As I said goodbye to 2016 and hello to a new year, I have felt an overwhelming feeling that something needs to change, or rather, a lot of things need to change. The world is so chaotic and strange right now. We will soon have a reality TV star as our president, the Great Barrier Reef is dying, entire species are going extinct, violence and hate is everywhere. People suck, the weather sucks, the economy sucks. It is more important now than ever before to have my home be a safe place, a haven, the calm in the storm. A place where my family and I can come in, out of the chaos and know that all is well. Unfortunately, my home doesn’t always feel like this. It is often messy and disorganized, we often spend too much time being unproductive, eating junk food, staying up too late, complaining about things we are perfectly capable of changing, but for some reason refuse to. Something needs to change.

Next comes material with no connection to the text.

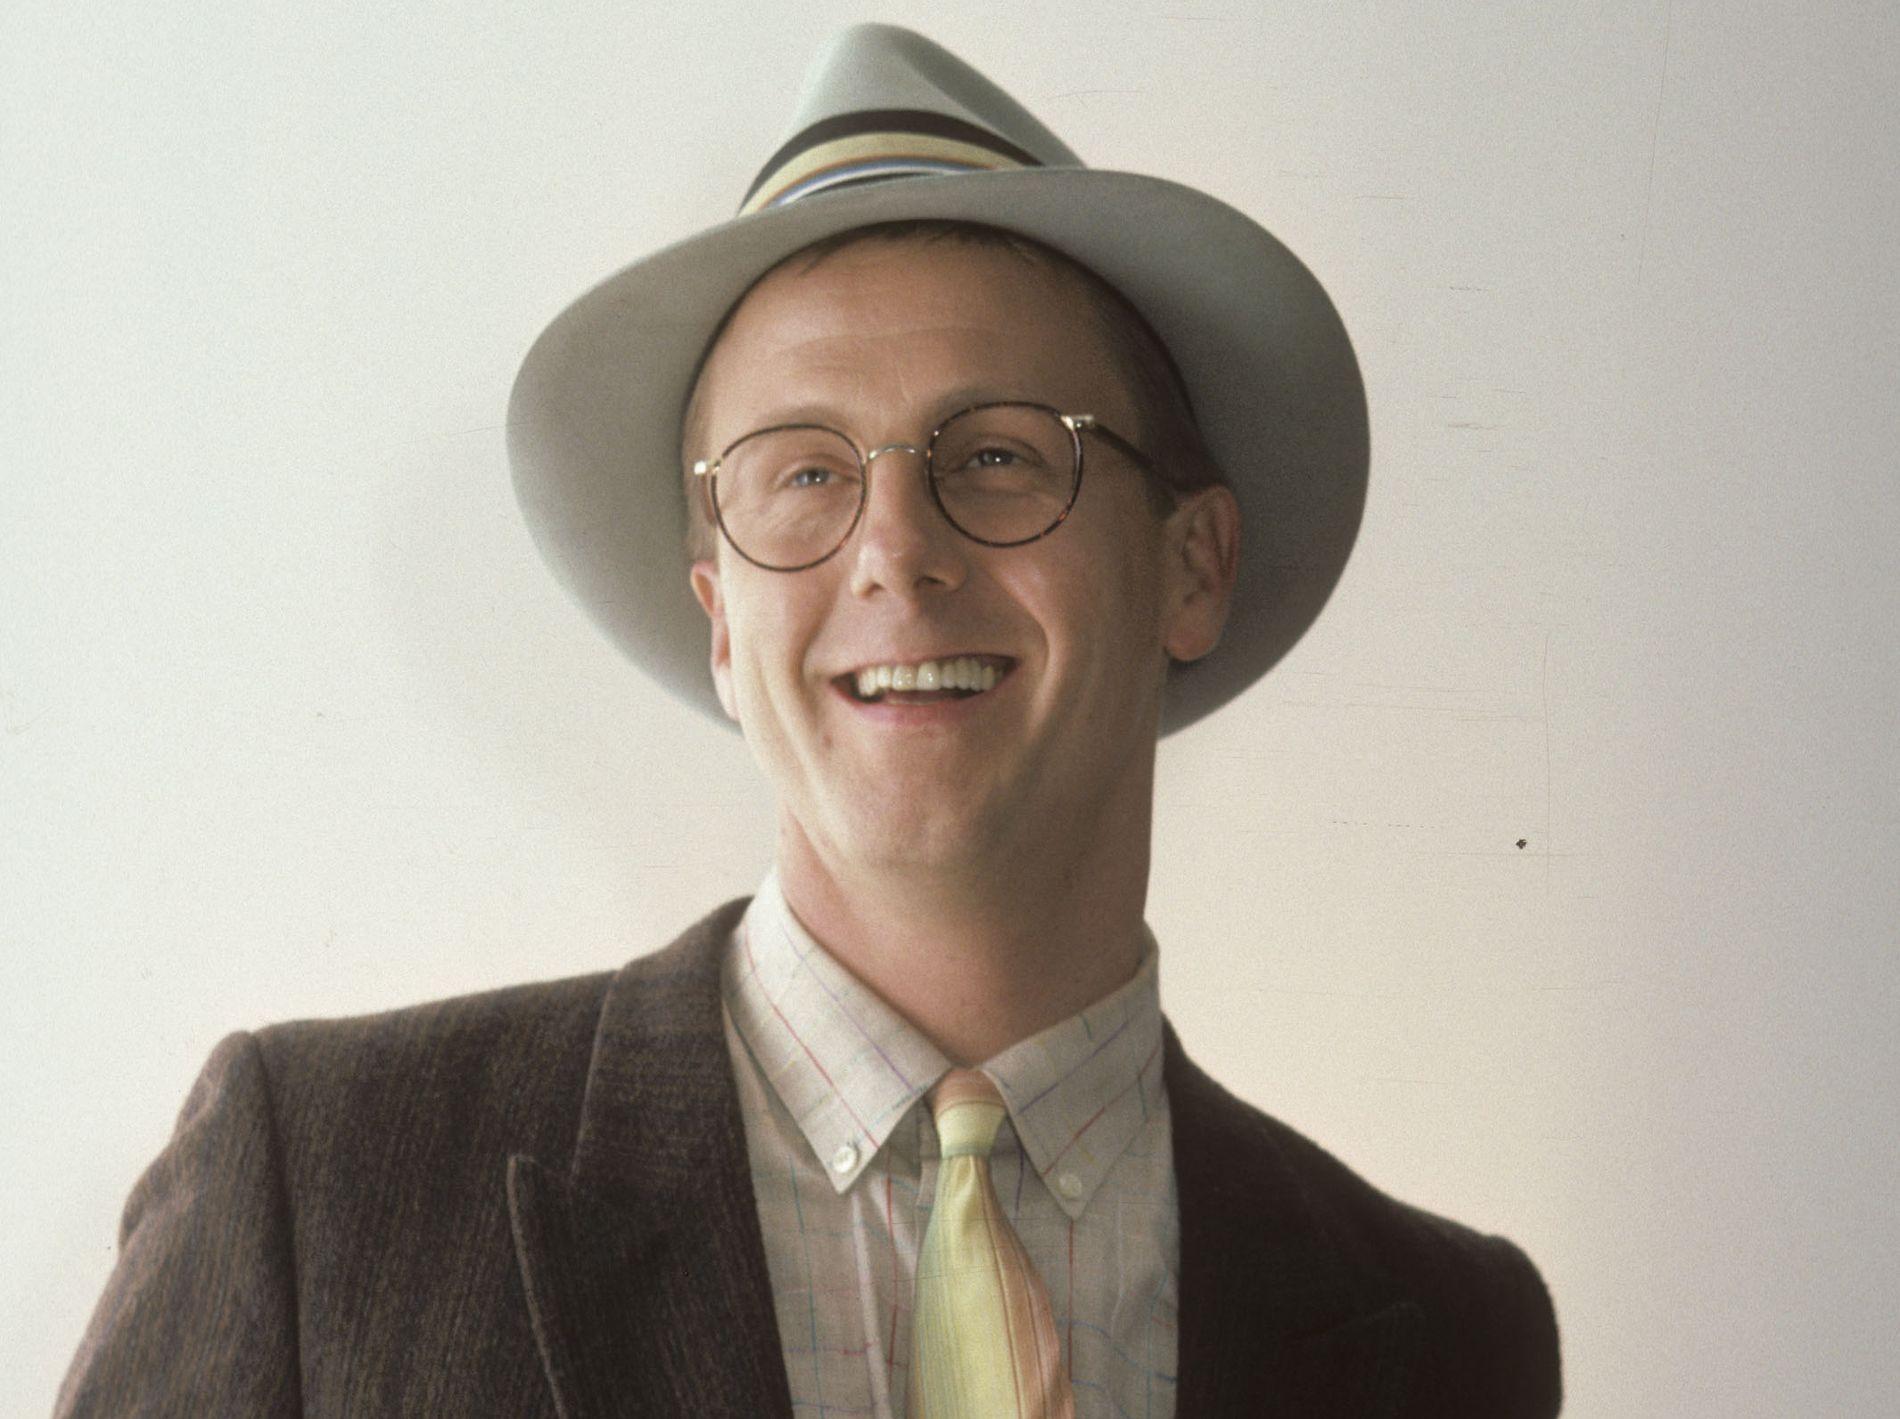 KULTSTJERNE: Harry Anderson, slik fansen husker ham best, under en veldedighetsgalla i Los Angeles i 1986.

I pretty much always make the New Years resolution to lose weight (and I
pretty much always fail), but not this year, this year I am focusing on gaining control over my life, finding balance and happiness. Maybe it’s because I’m growing older, or maybe its because I am a mom now, but I have started to have this panicked feeling like I am wasting my life, like if things don’t change I will look back 40 years from now and have so many regrets, and it terrifies me. I don’t want to just go through the motions of life, being in debt, unhealthy, and complacent. So I have started to make some goals and take baby steps towards living the life I want, being the mom Ronin deserves, and a wife worthy of the unconditional love that David already gives me.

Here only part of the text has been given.